Attribution for Enhanced Explanation with Transferable Adversarial eXploration
Zhiyu Zhu, Jiayu Zhang, Zhibo Jin, Huaming Chen, Jianlong Zhou, Fang Chen
TL;DR
This work tackles the interpretability of deep neural networks by boosting attribution quality through transferable adversarial exploration. It introduces AttEXplore++, an optimized framework that integrates ten transferable attack methods to generate informative baselines and gradient signals for attribution across CNNs and Vision Transformers. Empirical results on ImageNet show consistent gains in insertion and deletion metrics, with AttEXplore++ outperforming AttEXplore by 7.57% on average and surpassing other methods by 32.62% on average, while demonstrating robustness to randomness and parameter variations.
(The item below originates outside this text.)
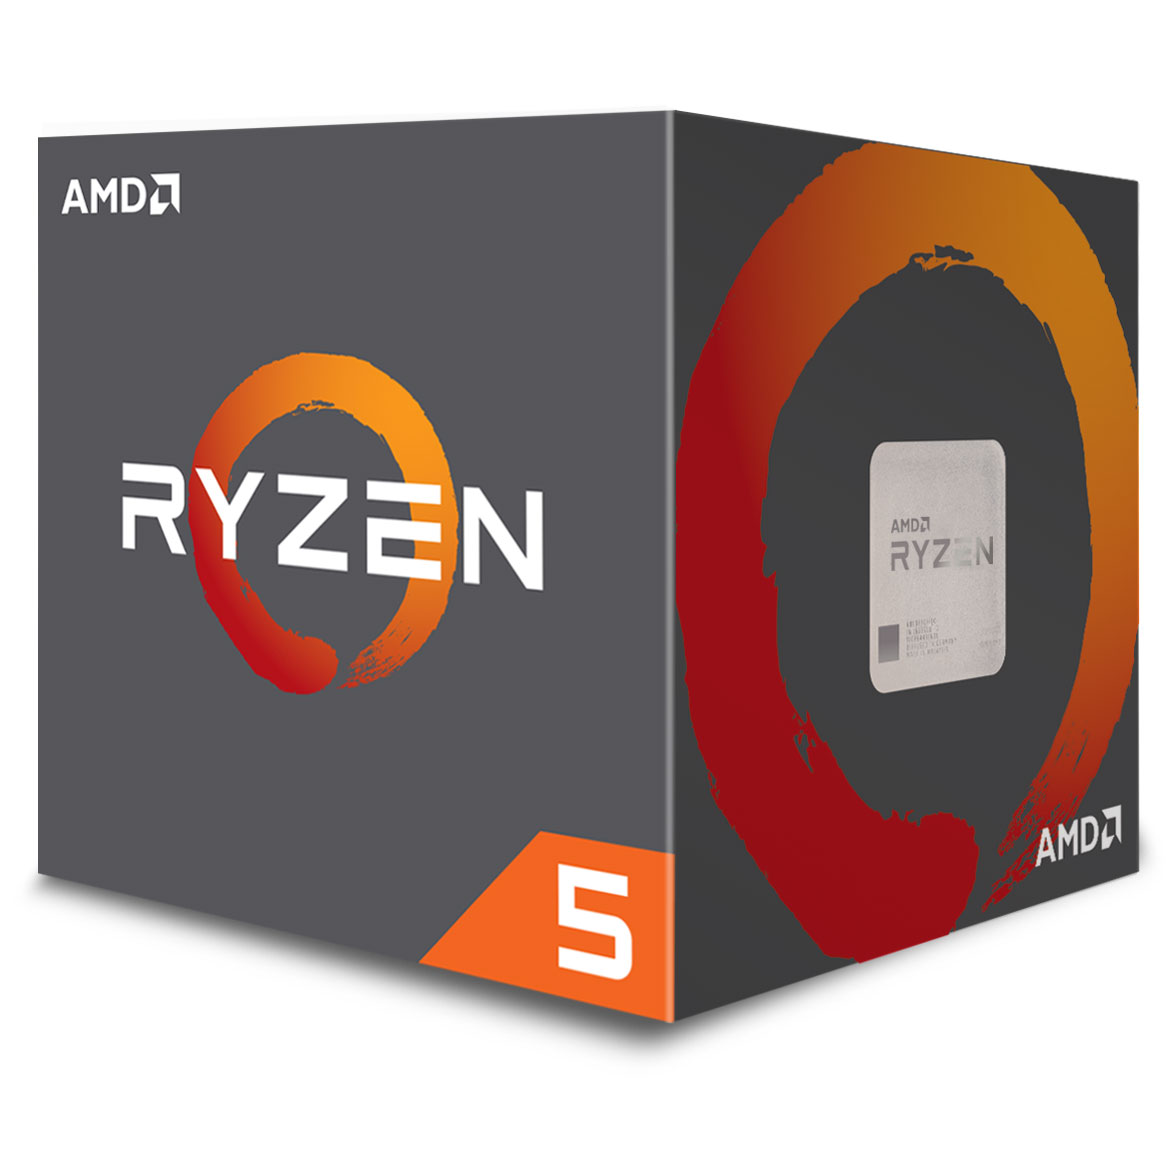 AMD Ryzen 5 1600 boxed CPU

The approach offers a practical path toward more reliable explanations in real-world deployments and provides open-source tooling for researchers and developers.
Abstract
The interpretability of deep neural networks is crucial for understanding model decisions in various applications, including computer vision. AttEXplore++, an advanced framework built upon AttEXplore, enhances attribution by incorporating transferable adversarial attack methods such as MIG and GRA, significantly improving the accuracy and robustness of model explanations. We conduct extensive experiments on five models, including CNNs (Inception-v3, ResNet-50, VGG16) and vision transformers (MaxViT-T, ViT-B/16), using the ImageNet dataset. Our method achieves an average performance improvement of 7.57\% over AttEXplore and 32.62\% compared to other state-of-the-art interpretability algorithms. Using insertion and deletion scores as evaluation metrics, we show that adversarial transferability plays a vital role in enhancing attribution results. Furthermore, we explore the impact of randomness, perturbation rate, noise amplitude, and diversity probability on attribution performance, demonstrating that AttEXplore++ provides more stable and reliable explanations across various models. We release our code at: https://anonymous.4open.science/r/ATTEXPLOREP-8435/